Le sol et le roc sont des matériaux naturels dont les propriétés changent avec le temps et à la suite de travaux de construction. En fait en construisant un ouvrage sur un sol, on produit un microclimat dans ce sol, avec un nouvel équilibre, tels les arbres en sol argileux.
Selon certaines statistiques1, trois causes prédominent en matière de sinistres imputables aux fondations superficielles. Et à elles seules, elles représentent près des deux tiers de tous les désordres enregistrés. En premier lieu, 25 % des sinistres sont dus aux remblais insuffisamment consolidés, soit qu'il sont récents ou mal compactés, soit que le tassement ait été accéléré. En deuxième lieu, 20 % des sinistres sont dus aux venues d'eau, en particulier dans les sols argileux où l'apport d'eau en modifie la capacité portante2. Et enfin, 20 % des sinistres sont imputables aux fondations hétérogènes, soit par exemple qu'elles aient été réalisées sans précautions spéciales à des niveaux différents, soit que plusieurs types de fondations aient été utilisées.
Selon M. Hosseini, « on construit aujourd'hui sur des sols faibles, c'est-à-dire sur des sols qui étaient jugés inutilisables jusqu'à maintenant, c'est pourquoi il y a beaucoup plus de problèmes qu'avant. » En conséquence, « il faut toujours demander une étude géotechnique, dont le rôle est de fournir le niveau le plus critique de la nappe phréatique pour la conception d'un ouvrage. Ce genre d'étude n'est pas cher, c'est son interprétation qui est plus coûteuse. » Un rapport de 1997 révèle que
93 % des quelque 250 cas recensés de dommages à des fondations résultent d'une méconnaissance des sols, contre 7 % de mauvaises pratiques de construction. Et selon cette étude, 8 % des problèmes de fondations proviennent de constructions érigées sur des remblais hétérogènes faits de matériaux impropres ou peu compactés.

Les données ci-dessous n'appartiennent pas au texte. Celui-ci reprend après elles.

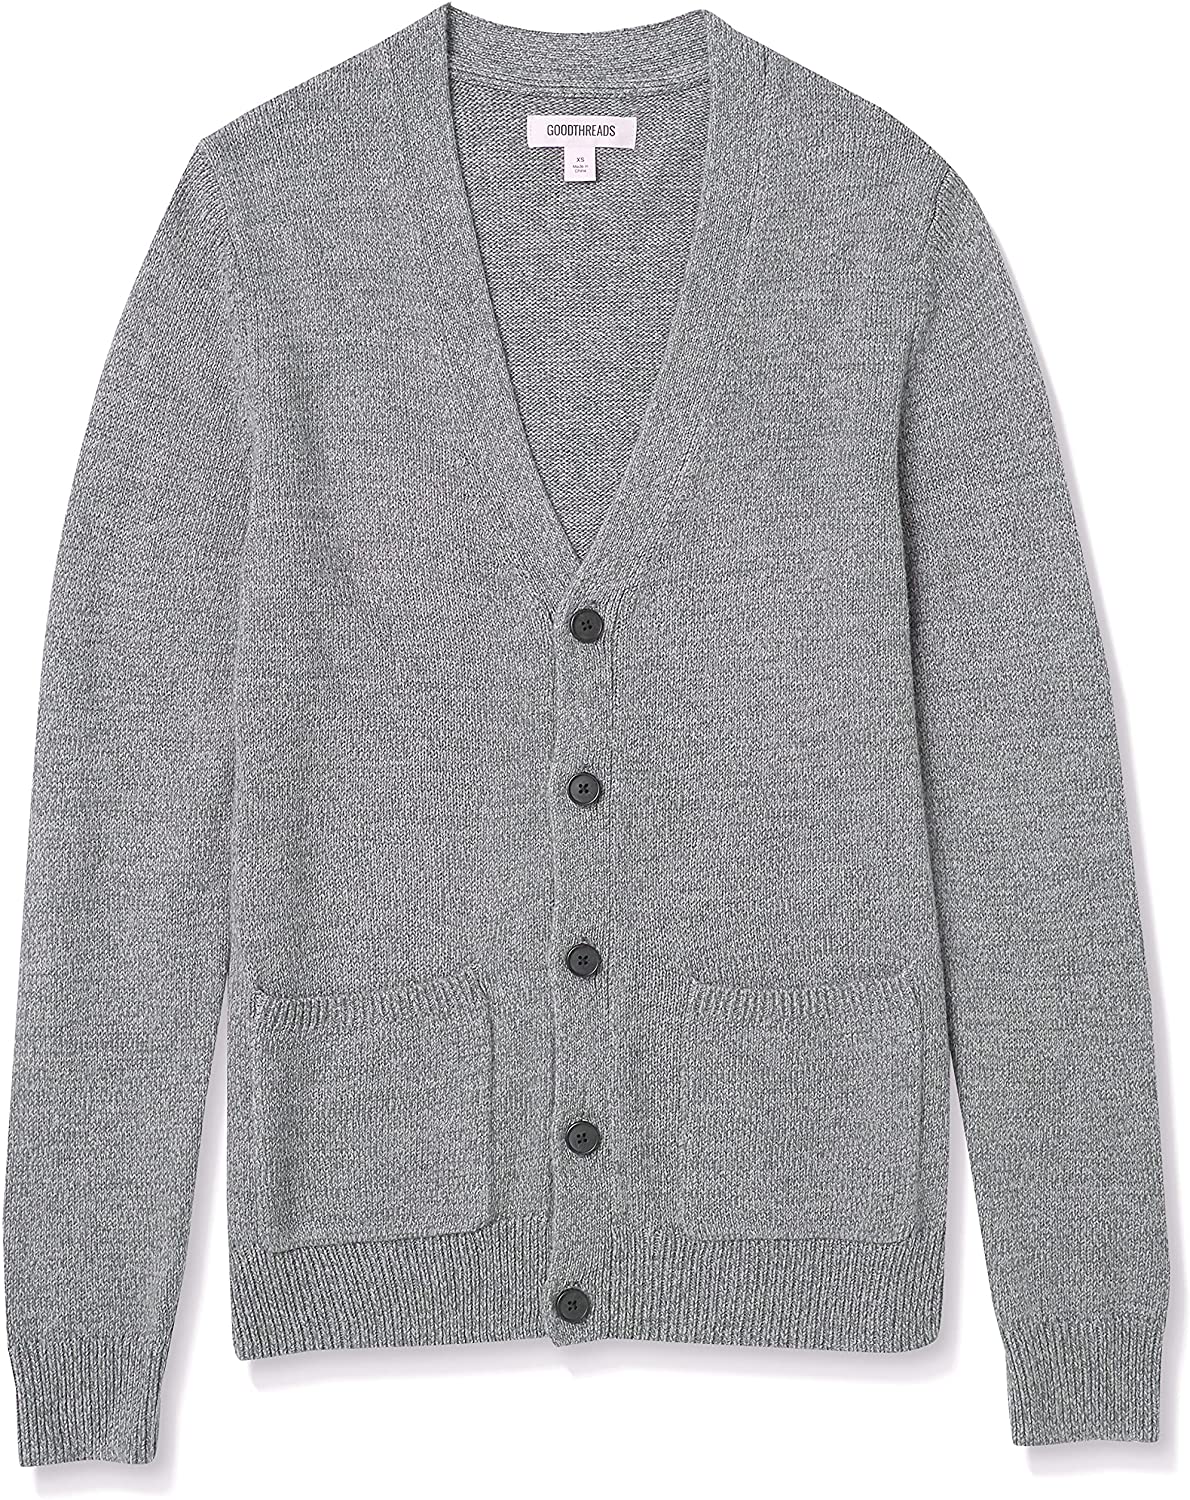 Brand Goodthreads Men's Supersoft Marled Cardigan Sweater 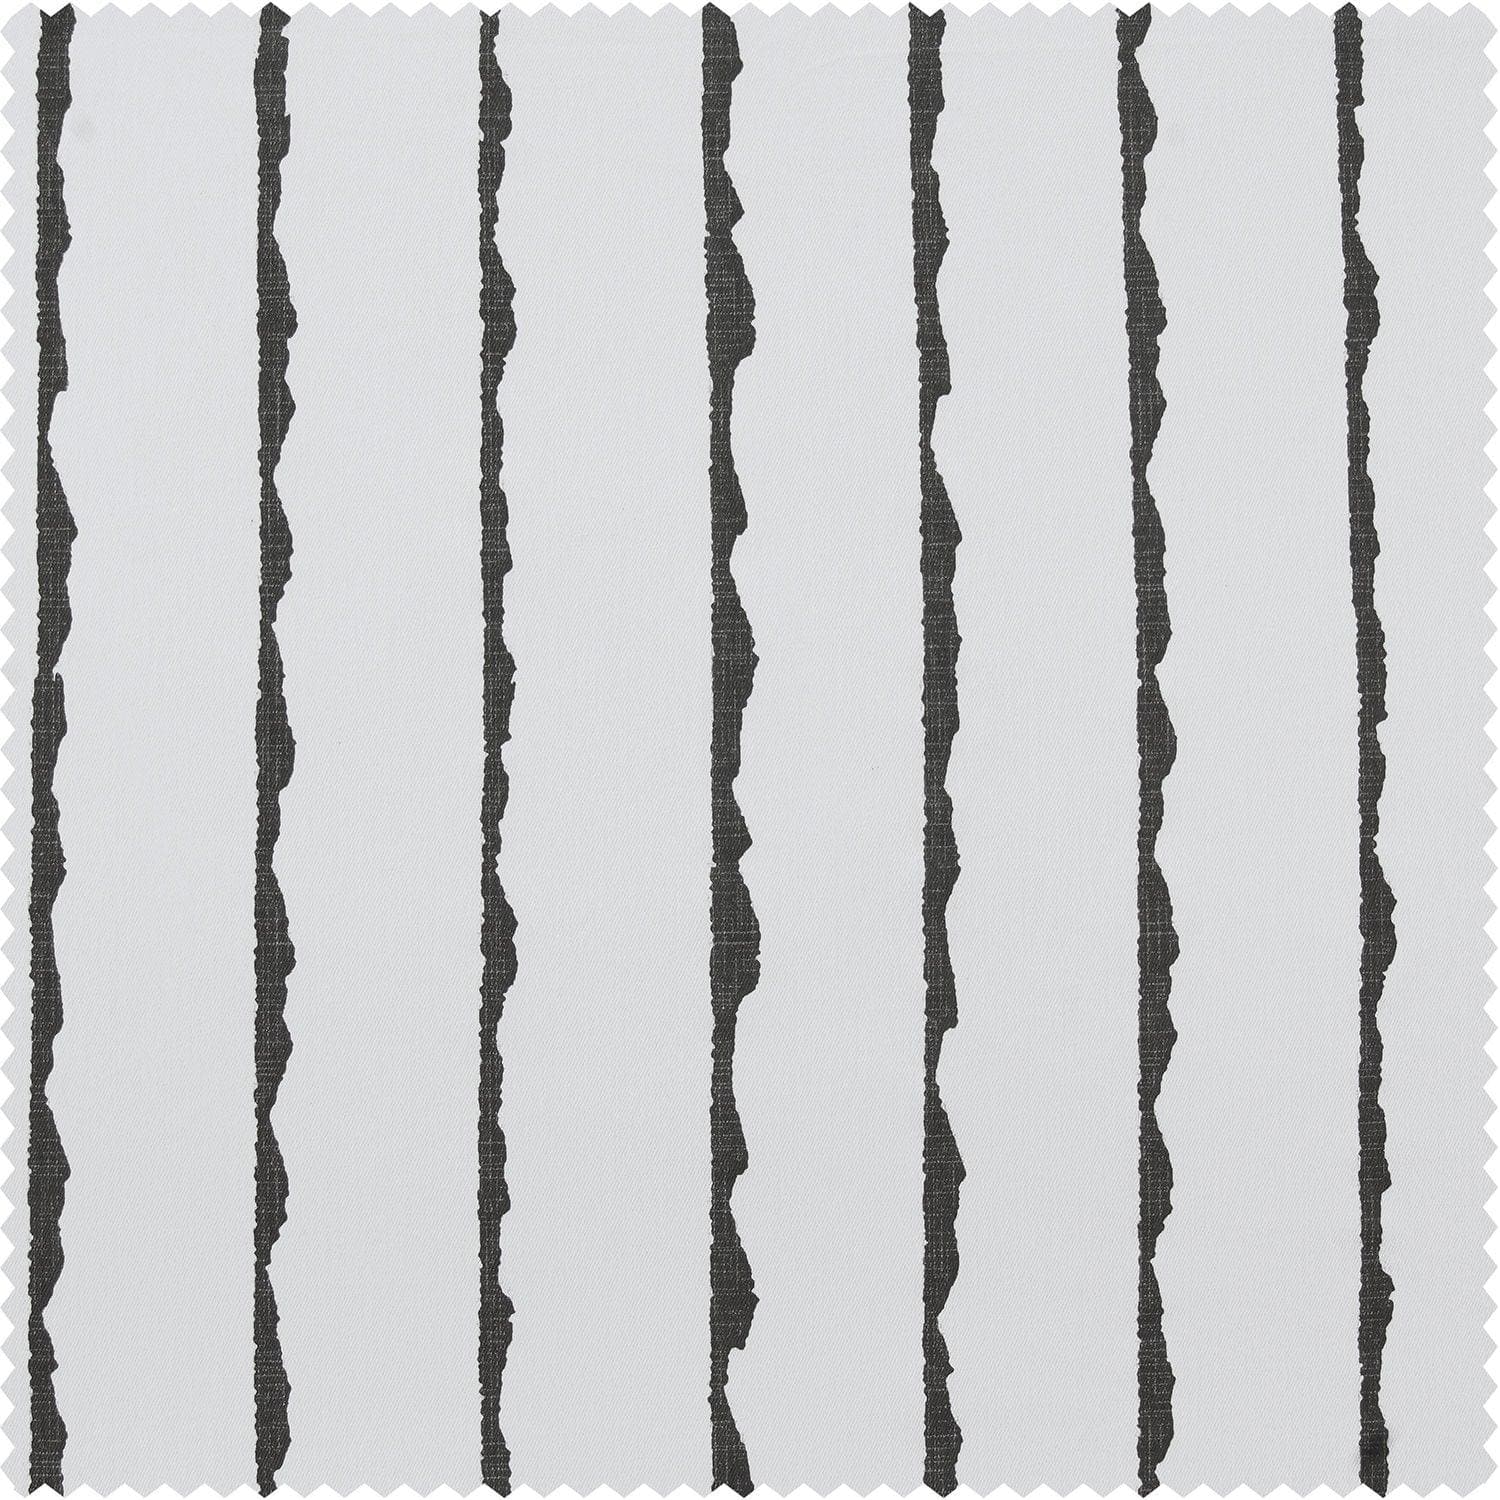 Sharkskin Black Striped Striped Printed Cotton Custom Curtain

Depuis 1980, on note à Montréal, sur le Plateau Mont-Royal en particulier, beaucoup de problèmes de lézardement des fondations à cause des arbres... Dans un sol argileux, l'arbre pompe l'eau dans l'argile et il se produit un assèchement du sol causant un affaissement différentiel là où il y a des arbres3. Ces problèmes n'existent pas avec des sols en sable par exemple. M. Hosseini insiste : « si la construction d'une maison, même légère, ne respecte pas certaines règles de géotechnique, on pourra assister à la fissuration et aux mouvements des murs de fondation. »
On connaît le médecin légiste, mais l'ingénieur légiste lui est moins connu du public. Et même, selon M. Hosseini, certains ingénieurs et d'autres professionnels ne connaissent pas adéquatement les devoirs spécifiques et les qualifications essentielles d'un ingénieur légiste. Ce dernier effectue des autopsies sur des ouvrages déficients tels que des ponts, bâtiments, barrages, routes, pentes naturelles ou artificielles ou tout autre ouvrage de génie civil afin de déterminer les causes de leurs défauts observés. Il travaille selon l'un de deux modes d'expertise, habituellement choisi par les parties, soit l'expertise dite coopérative dans laquelle toutes les parties s'entendent pour travailler ensemble, soit l'expertise dite adversaire dans laquelle chaque partie conduit sa propre expertise avec des objets différents.
1 De Logeais (1971).
2 Cette statistique ne comprend pas le lézardement des bâtiments construits sur les sols argileux causés par l'assèchement des argiles par l'activité botanique des arbres.
3 Daoust c. Montréal (Ville de), 500-05-019333-911, 5 mars 1997.